Growing in popularity, the Girard School’s human resource management curriculum is now fully aligned with the standards of the Society for Human Resource Management, the world’s largest HR professional society.

SHRM’s recognition of Girard’s program gives Merrimack College students an advantage in seeking HR internships or employment, says Professor Paul Antonellis Jr., a management professor and director of the human resource management program.

‘‘The employer will now know that the student has been exposed to an in-depth curriculum that allows Merrimack College students to acquire the requisite knowledge, skills, abilities, behaviors and experiences to be successful,” Antonellis said.

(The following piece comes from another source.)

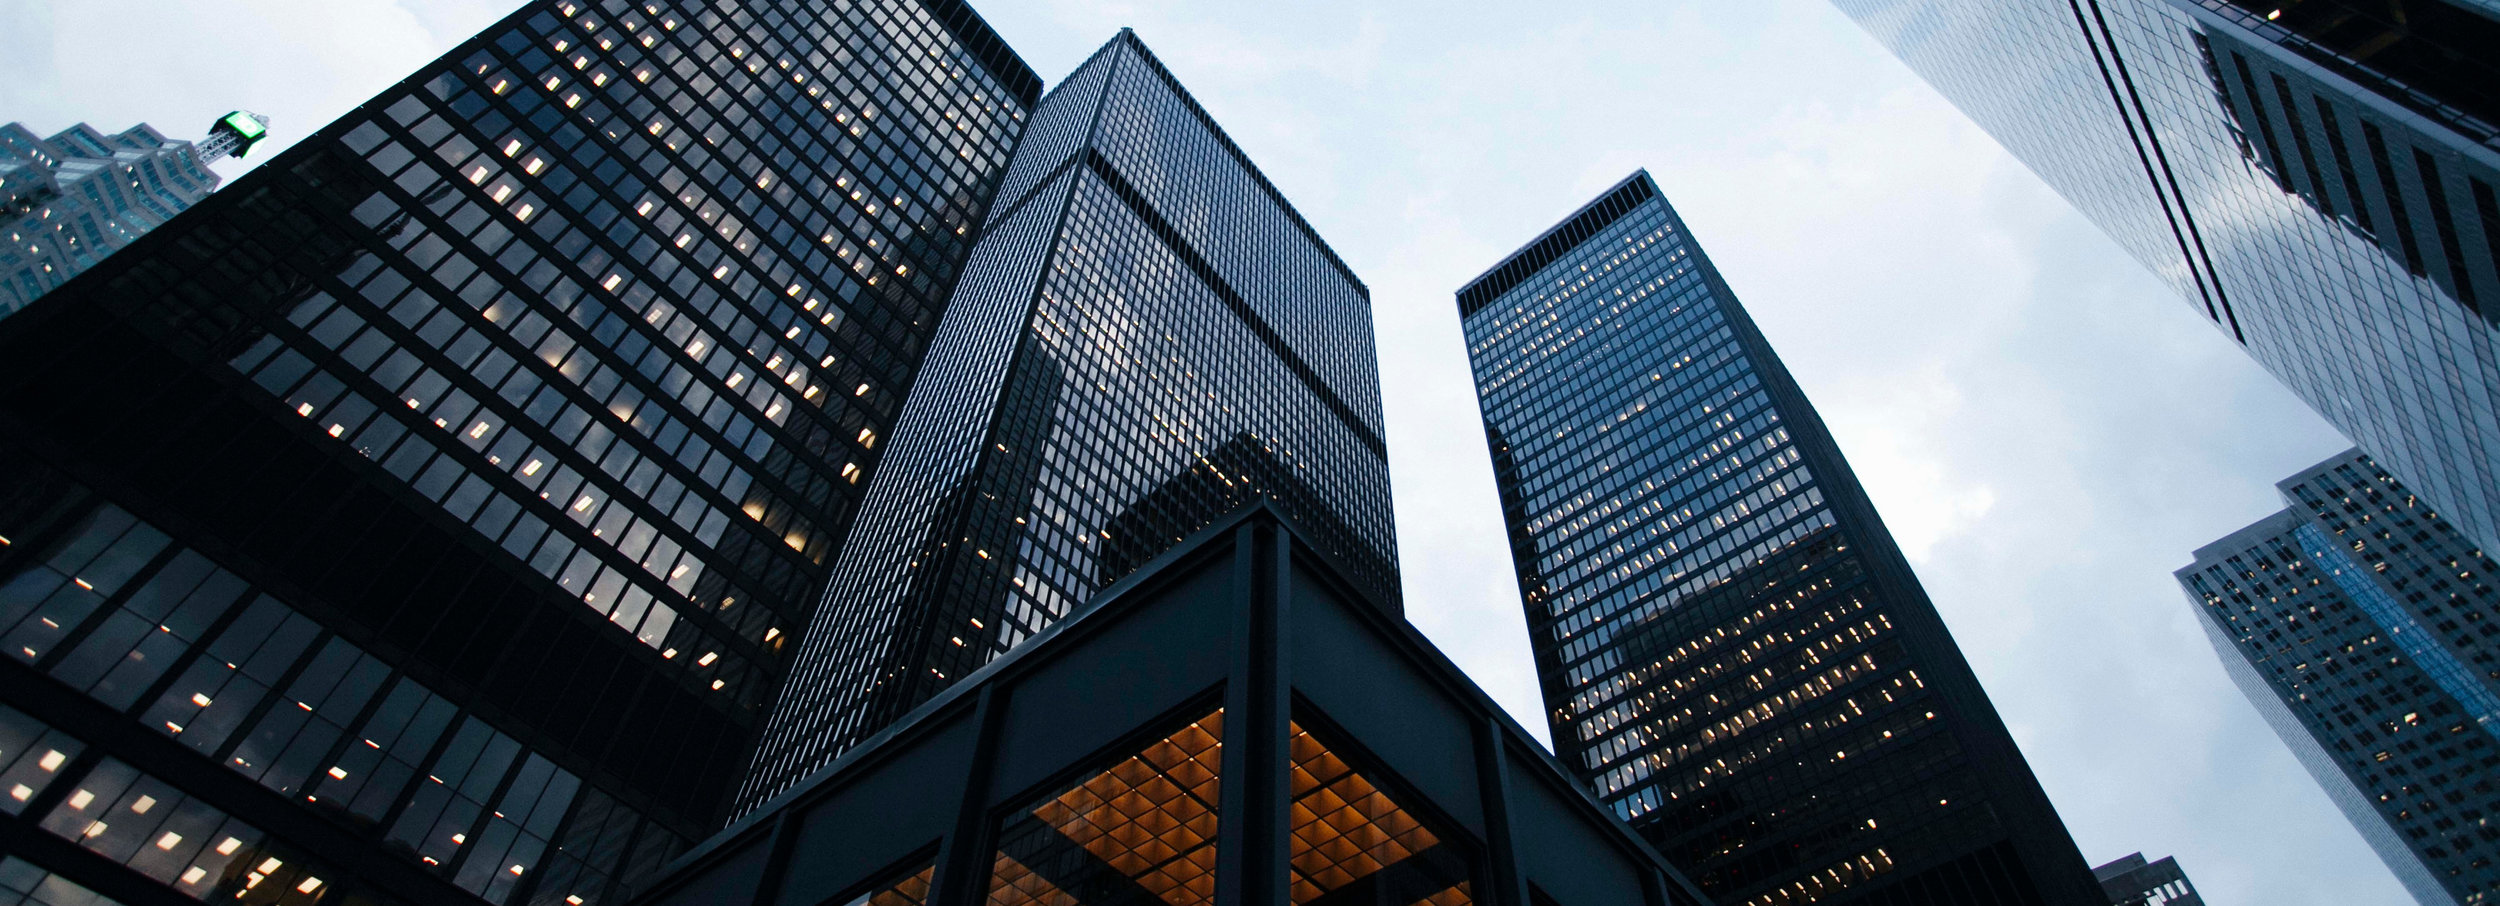 Expert Witnesses + Financial Capital = An Outstanding Partnership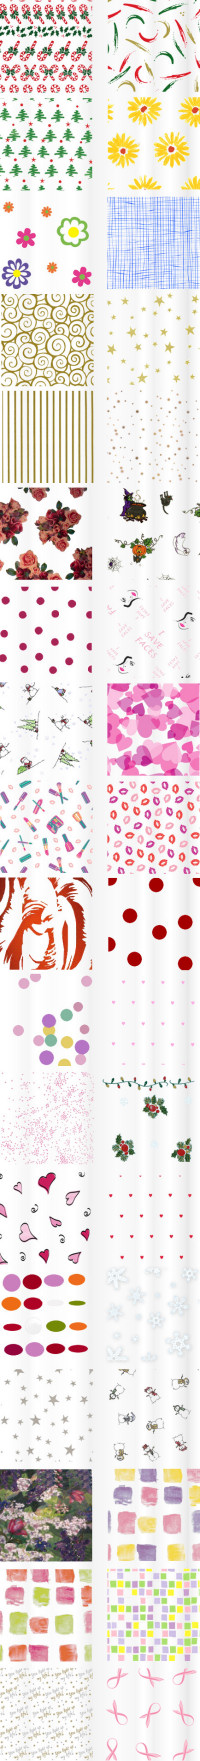 Cellophane Roll Designs 24 x 100

Students who complete the curriculum can take the SHRM’s Assurance of Learning Assessment, an examination that tests their mastery of HR content. Those who pass the exam earn either a proficient or advanced certificate, rating their knowledge required to perform HR responsibilities.

“Students use the certificate of learning to distinguish themselves in the job market,” Antonellis said.

SHRM has acknowledged that Girard’s human resource management curriculumfully aligns with SHRM’s HR Curriculum Guidebook and Templates. Throughout the world, 432 programs in 330 educational institutions have been acknowledged by SHRM as being in alignment with its suggested guides and templates. SHRM developed its HR Curriculum Guidebook and Templates to define the minimum HR content areas that HR students should study at the undergraduate and graduate levels. The guidelines, created in 2006 and revalidated in 2010 and 2013, are part of SHRM’s Academic Initiative to define HR education standards taught in university business schools and help universities develop degree programs that follow these standards.

Merrimack is now listed on the SHRM website as a school offering an HR program.

“The demand for human resource management students is on the rise,” said Antonellis.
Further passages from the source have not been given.